== SUPPLIED MATERIAL ==
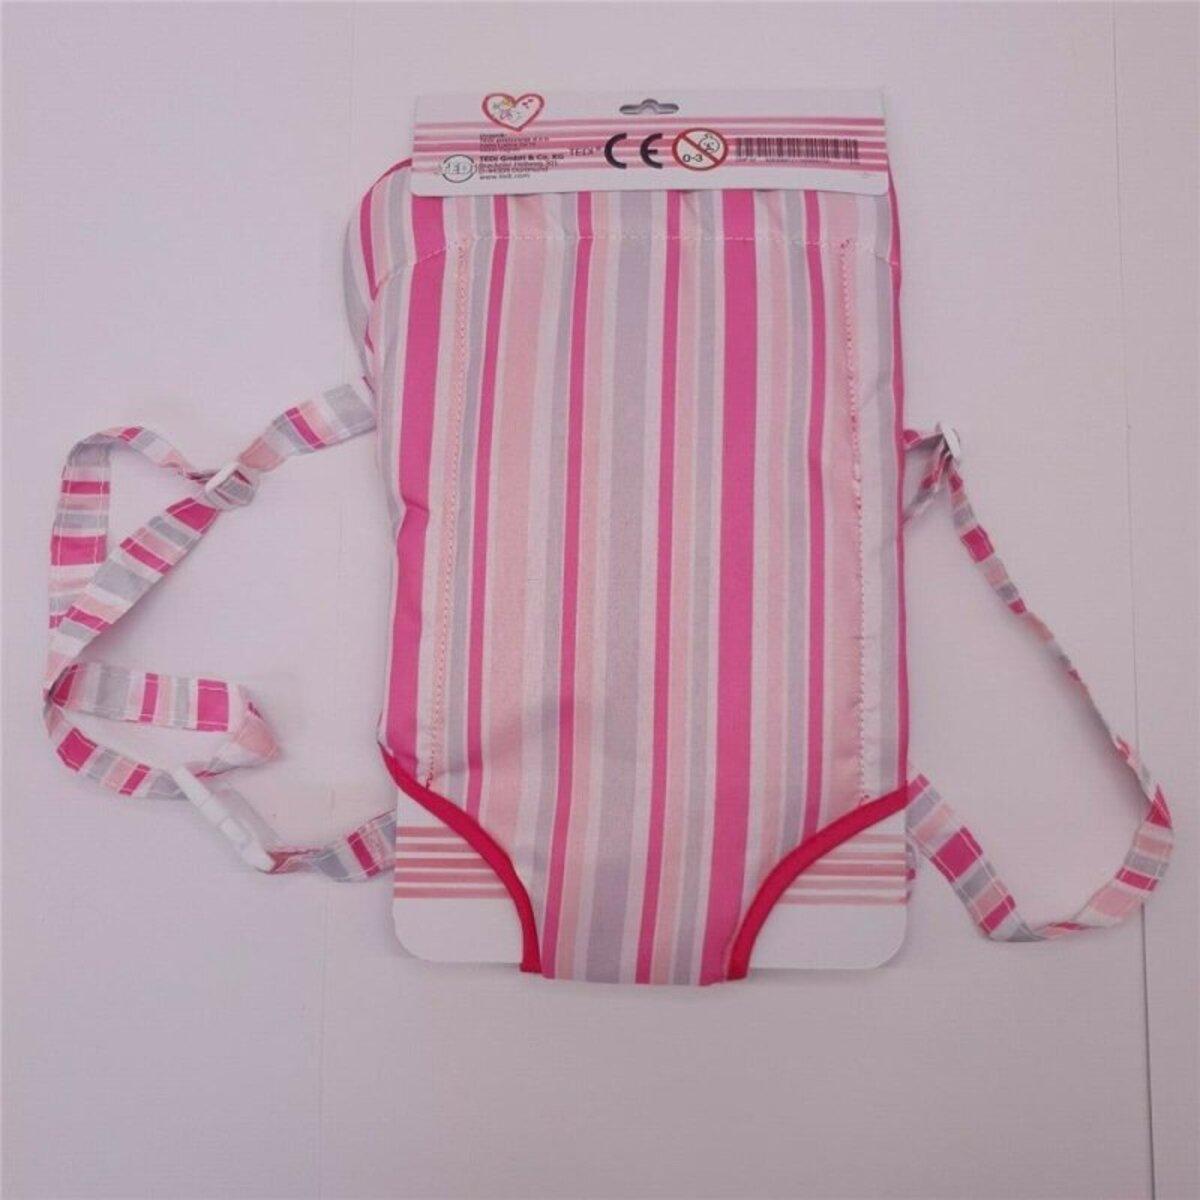 Bild 2 von Bauchtragetasche für Baby-Puppen, rosa, mit verstellbarem Gurt, Polyester
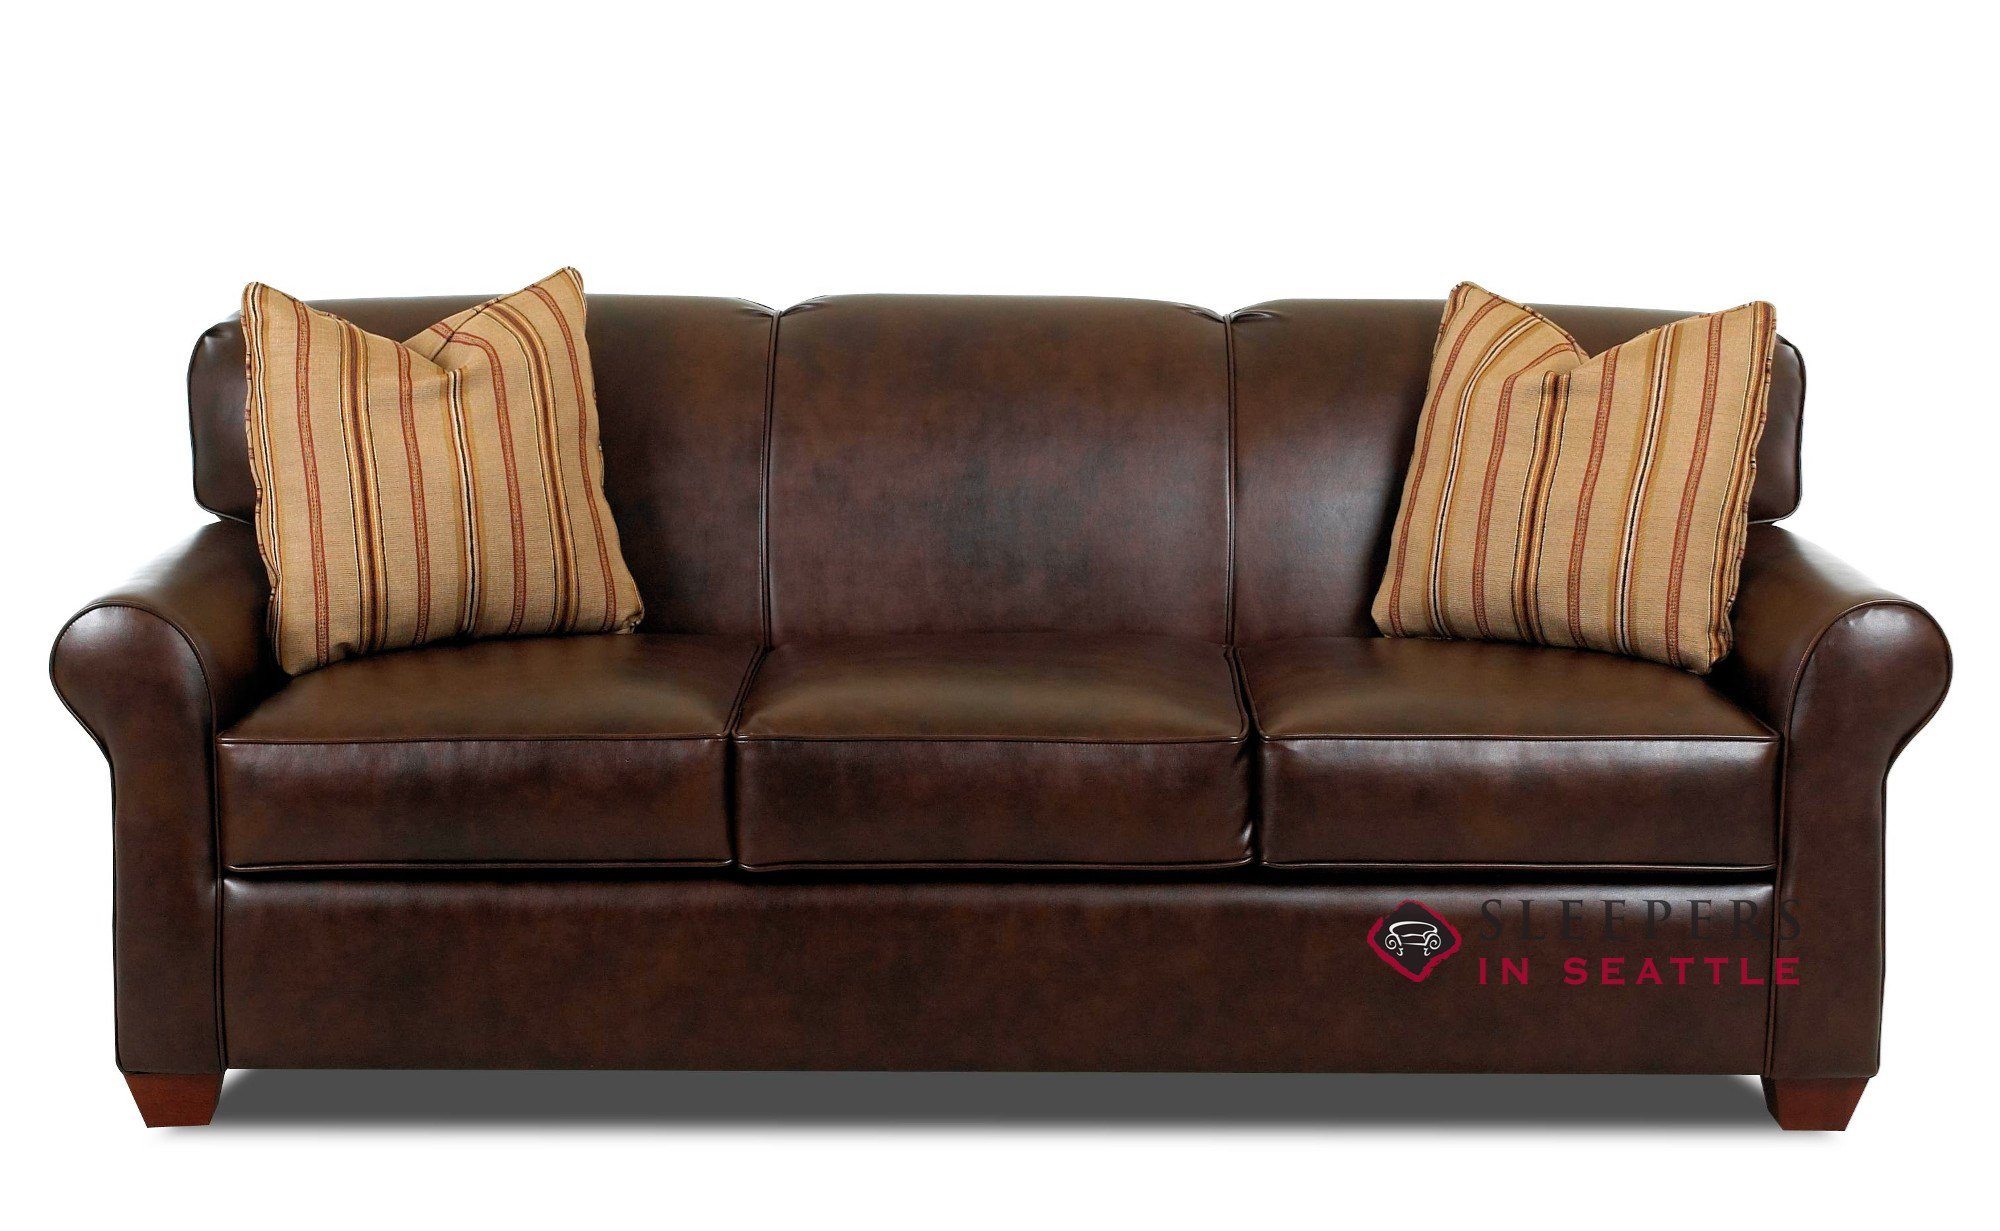 sleeper sofa savvy calgary sleeper (queen) in leather UJXIIAS
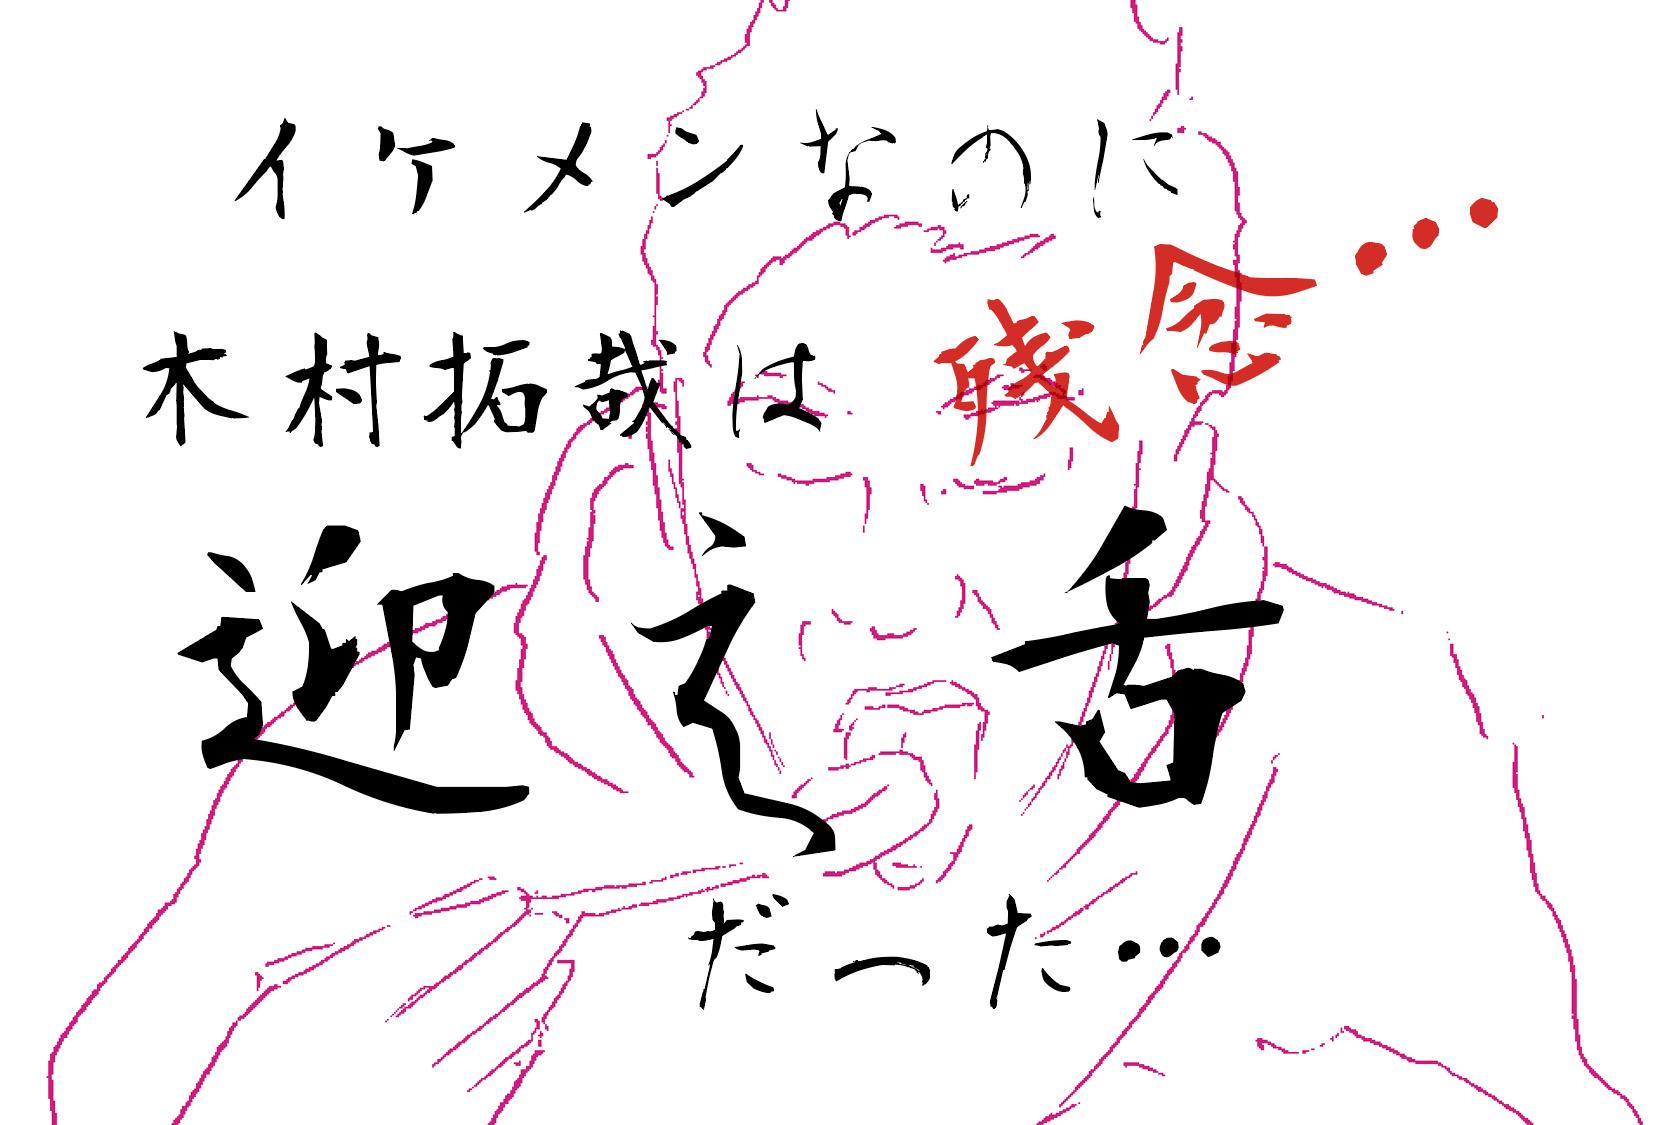 【帰れま10】木村拓哉は『迎え舌』!食べ方が汚い?マナー悪いと評判か

== AIM OF THE EXERCISE ==
Please ensure that the data above is repeated exactly, with no pictures in the copy.

== SOLUTION ==
 Bild 2 von Bauchtragetasche für Baby-Puppen, rosa, mit verstellbarem Gurt, Polyester
 sleeper sofa savvy calgary sleeper (queen) in leather UJXIIAS
 【帰れま10】木村拓哉は『迎え舌』!食べ方が汚い?マナー悪いと評判か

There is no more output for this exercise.